‘Les Norton’ Actor Hunter Page-Lochard On The Time He Literally Pissed Himself Laughing

12 August 2019 | 1:57 pm | Hannah Story

Gagging For It is an excuse for Hannah Story to talk to people about what makes them laugh, and nothing else. This week: Hunter Page-Lochard.

Writer and actor Hunter Page-Lochard, star of ABC’s First Nations superhero series Cleverman, laughs a lot. The 26-year-old laughs warmly and easily, rattling off stories from his life and from his career, describing moments that are embarrassing, cringey and uncomfortable, but most of all, funny.

“I'm a very weird dude that like something that wasn't funny yesterday could make me piss myself today,” Page-Lochard says. 

People’s mannerisms can pique Page-Lochard’s sense of humour, and become fodder for both his acting and writing practice. 

“When someone just does something in the heat of the moment, I'll just laugh.
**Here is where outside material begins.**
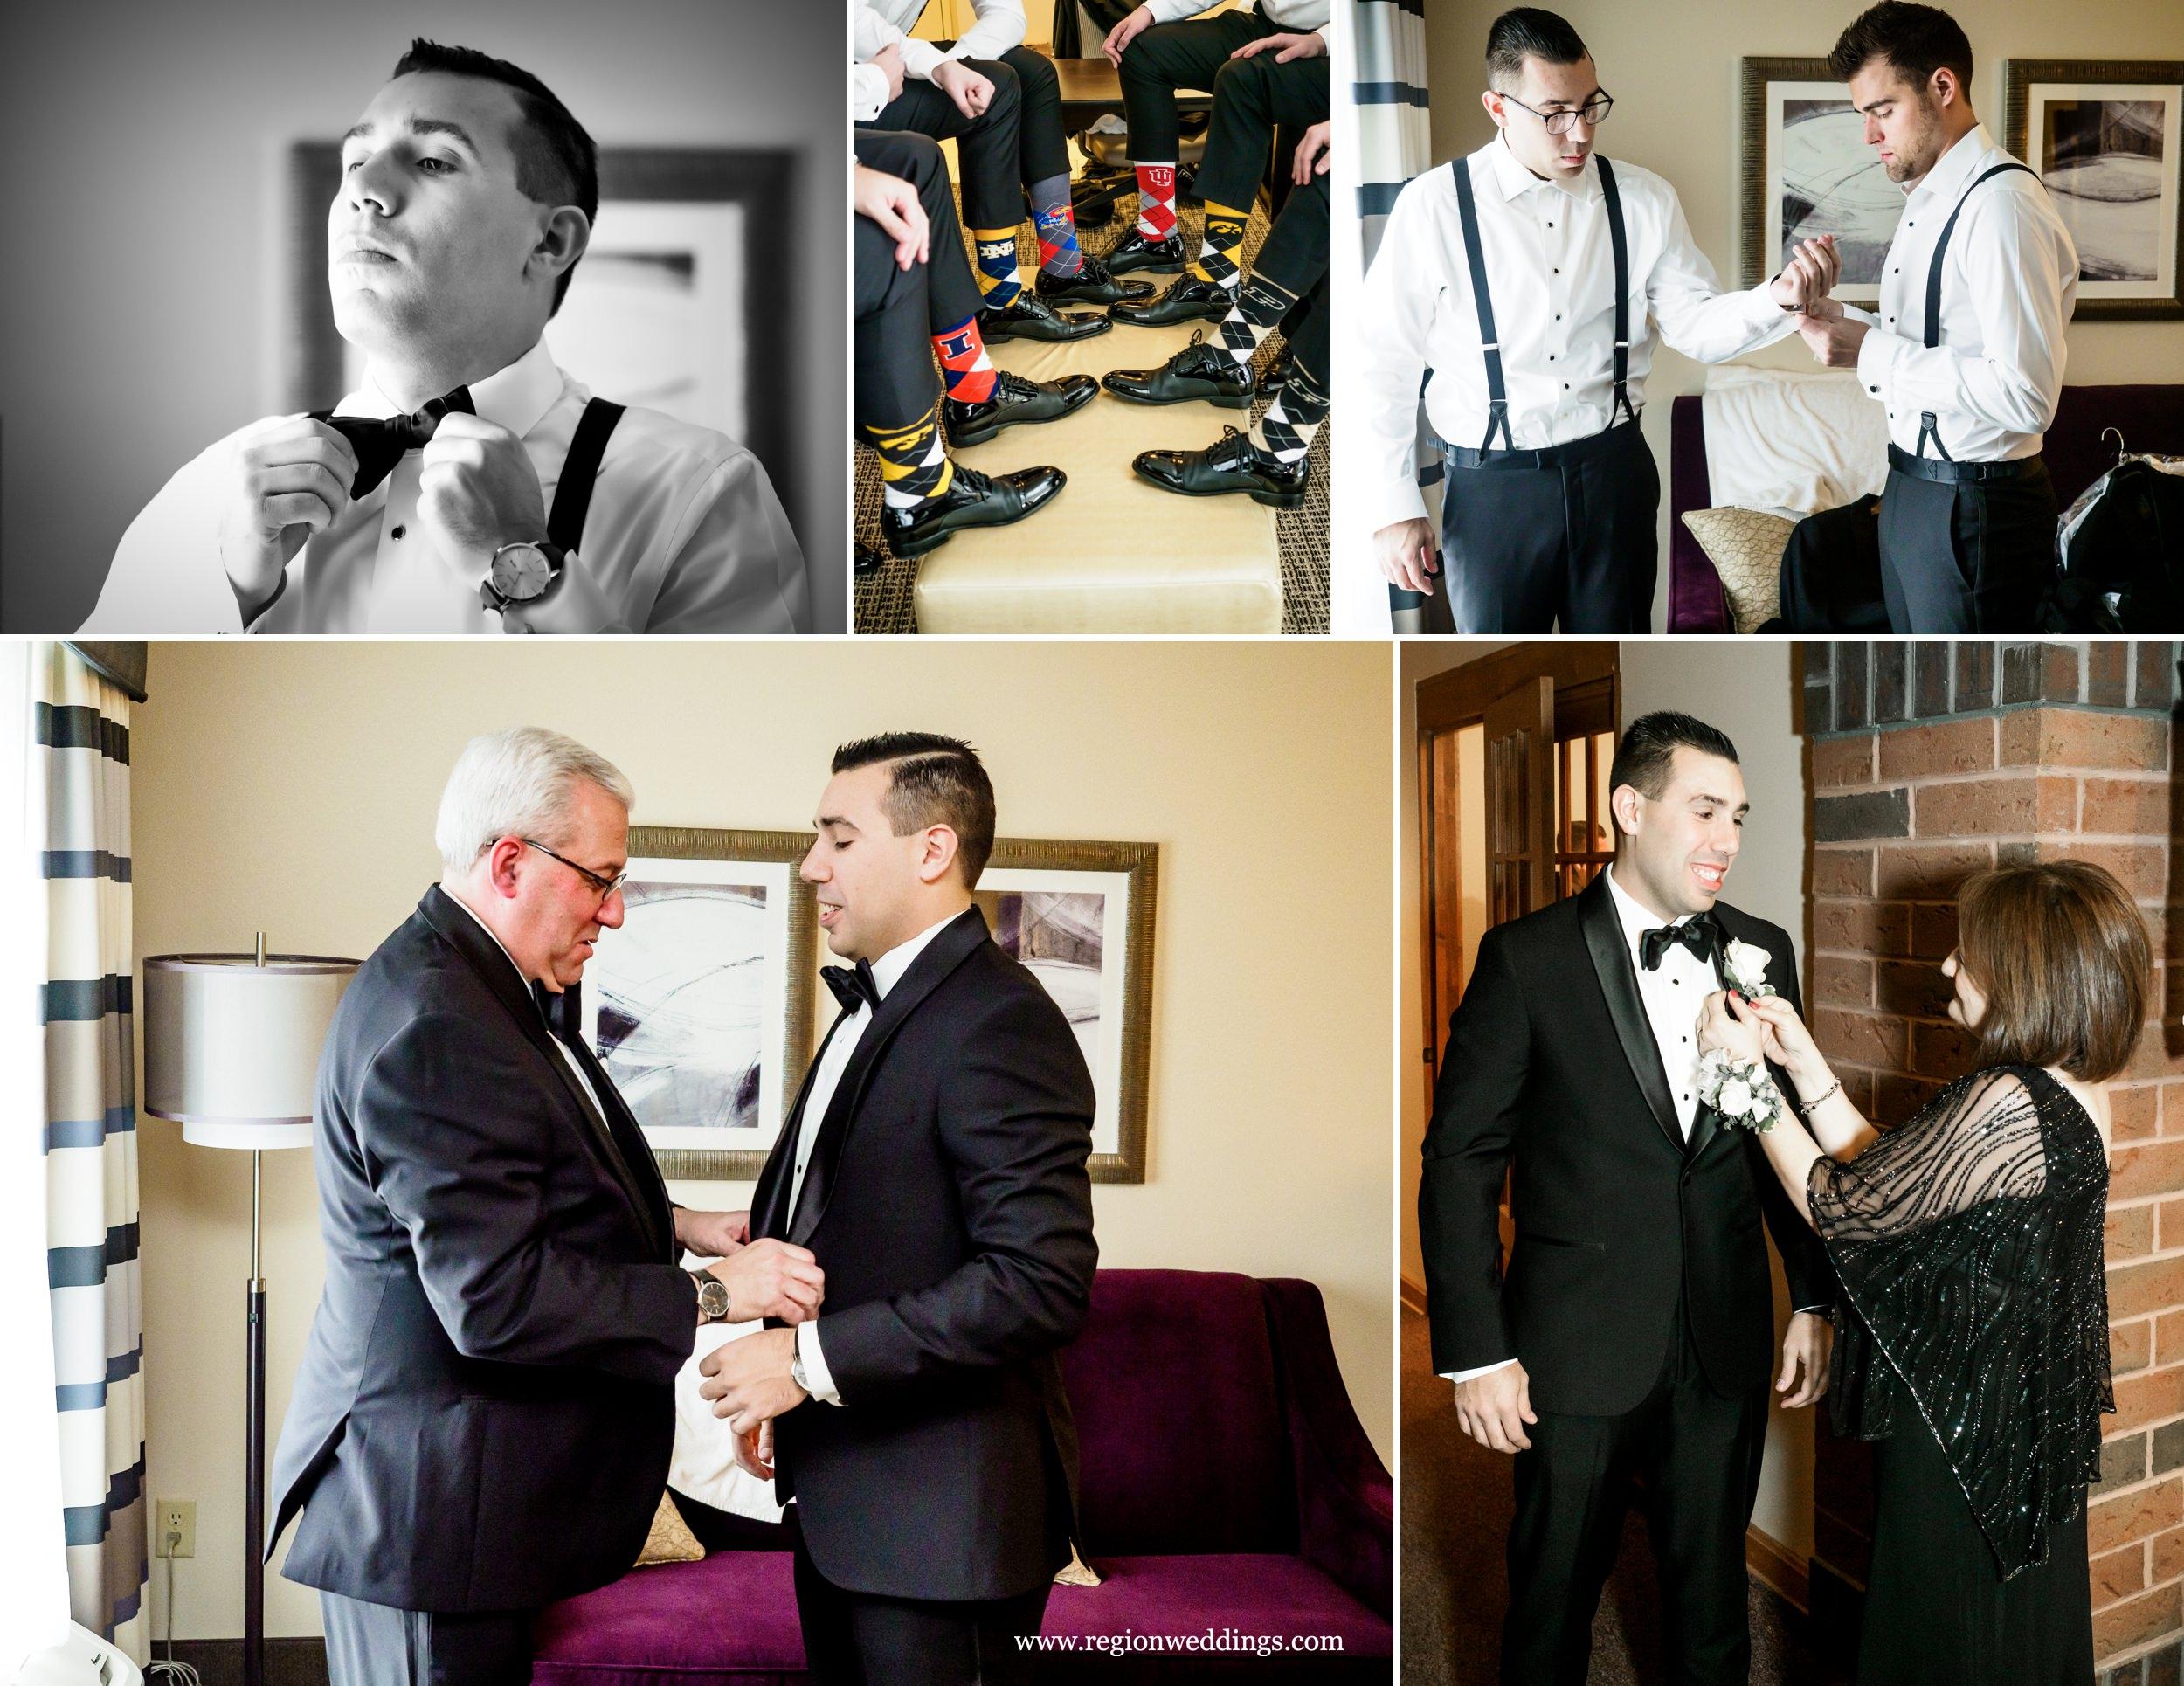 Groomsmen prep for a December wedding.

But if you're standing next to me you won't laugh – it's not a funny mannerism at all, it's just something quirky that I've just noticed myself and I relate to something in my past that I thought was funny.
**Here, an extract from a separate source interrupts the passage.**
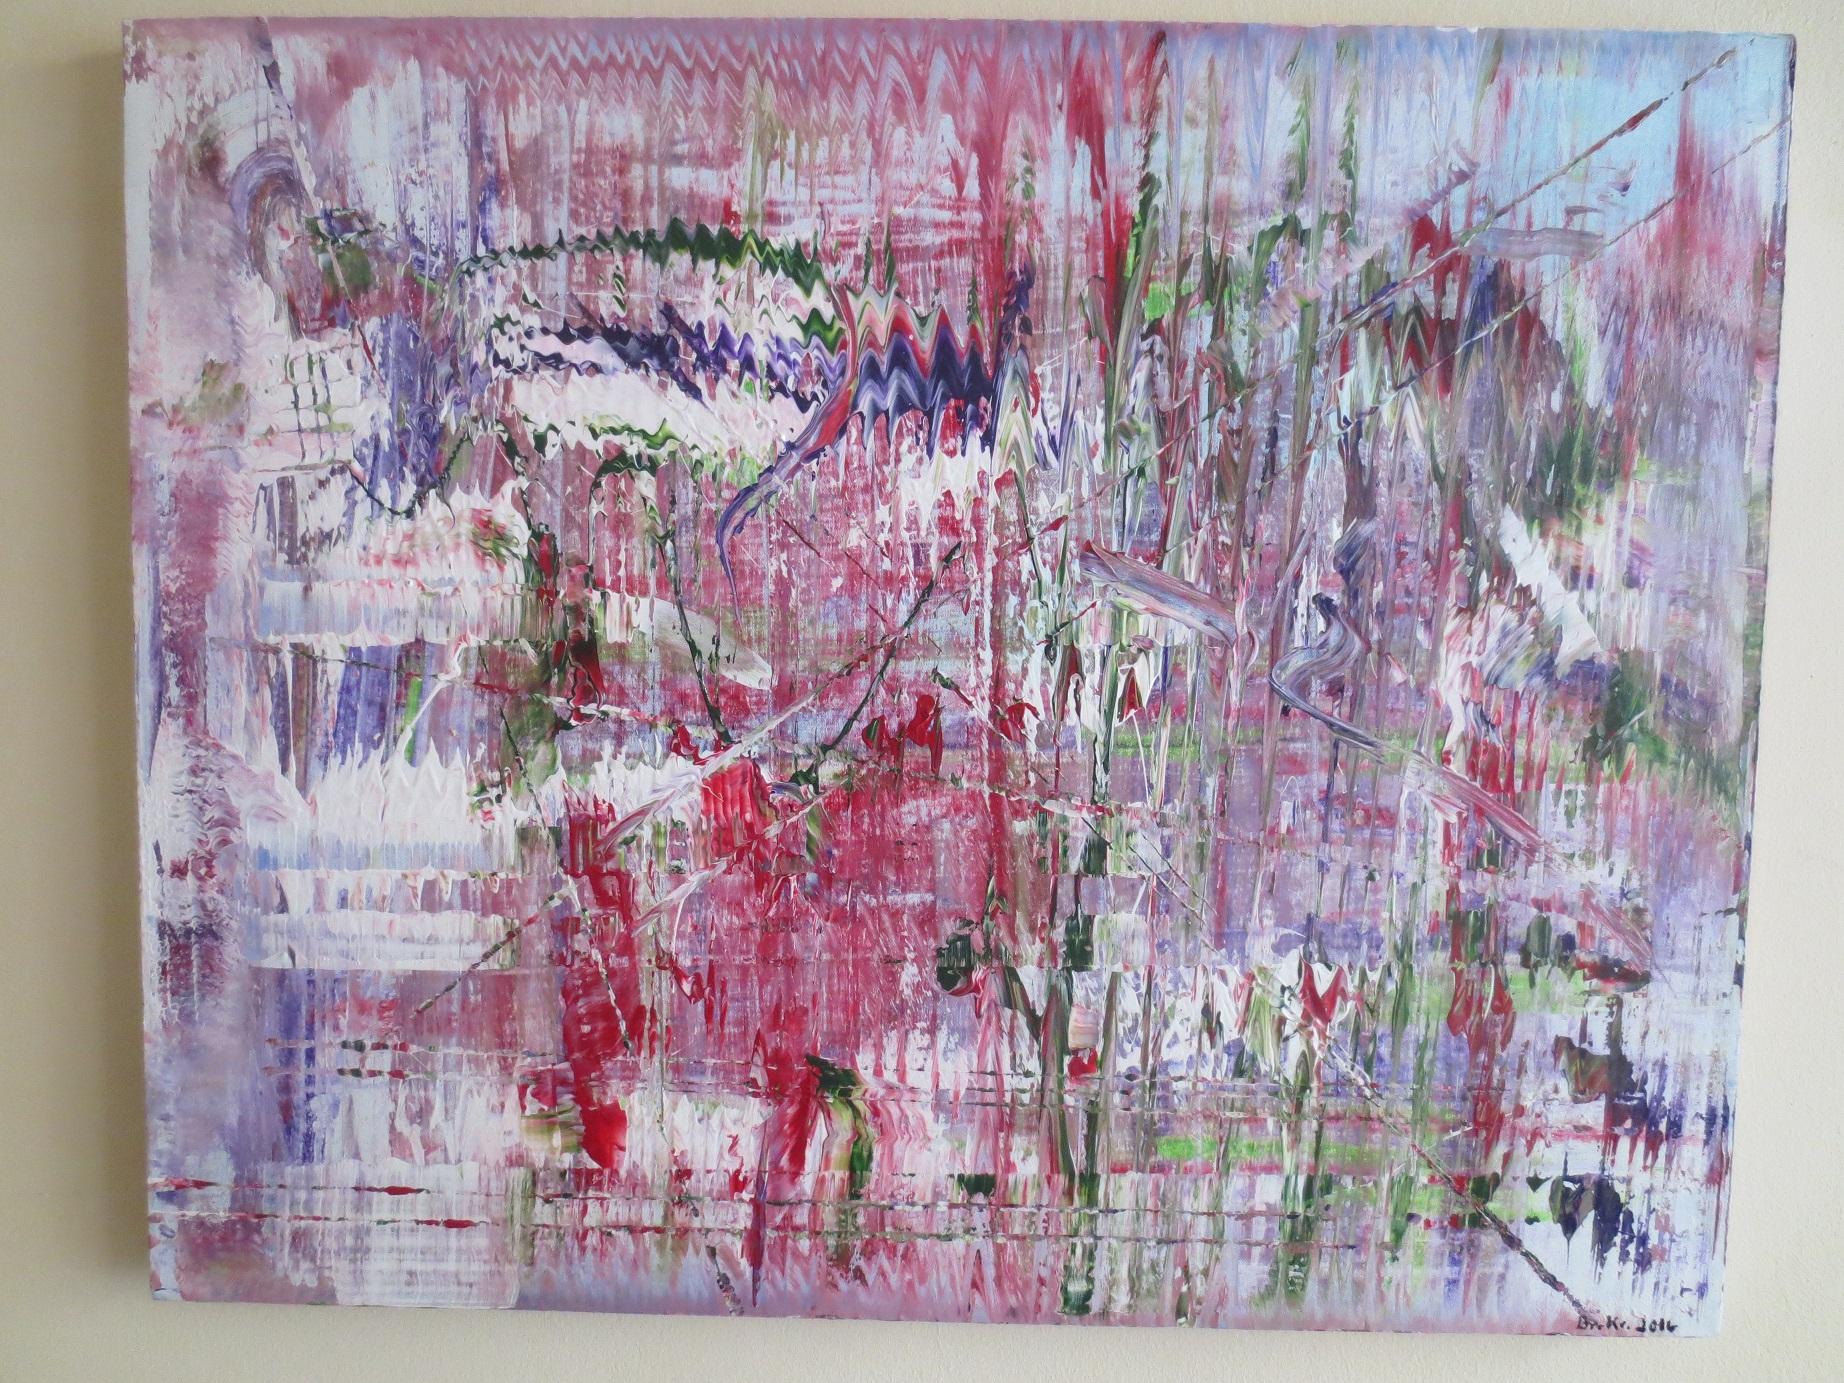 5-2016 80x100 Acryl auf Leinwand (2)

“I think you do kind of take and put [mannerisms you see] in your own little cauldron when you're creating characters on stage or on screen.”

Page-Lochard doesn’t hesitate to admit that he, like the rest of us, laughs when people fall – he’s not saying he laughs at people getting injured, so much as at the movement itself. With family, he's laughing with them. At strangers, it's more of a "church laugh", where you kind of stifle the noise.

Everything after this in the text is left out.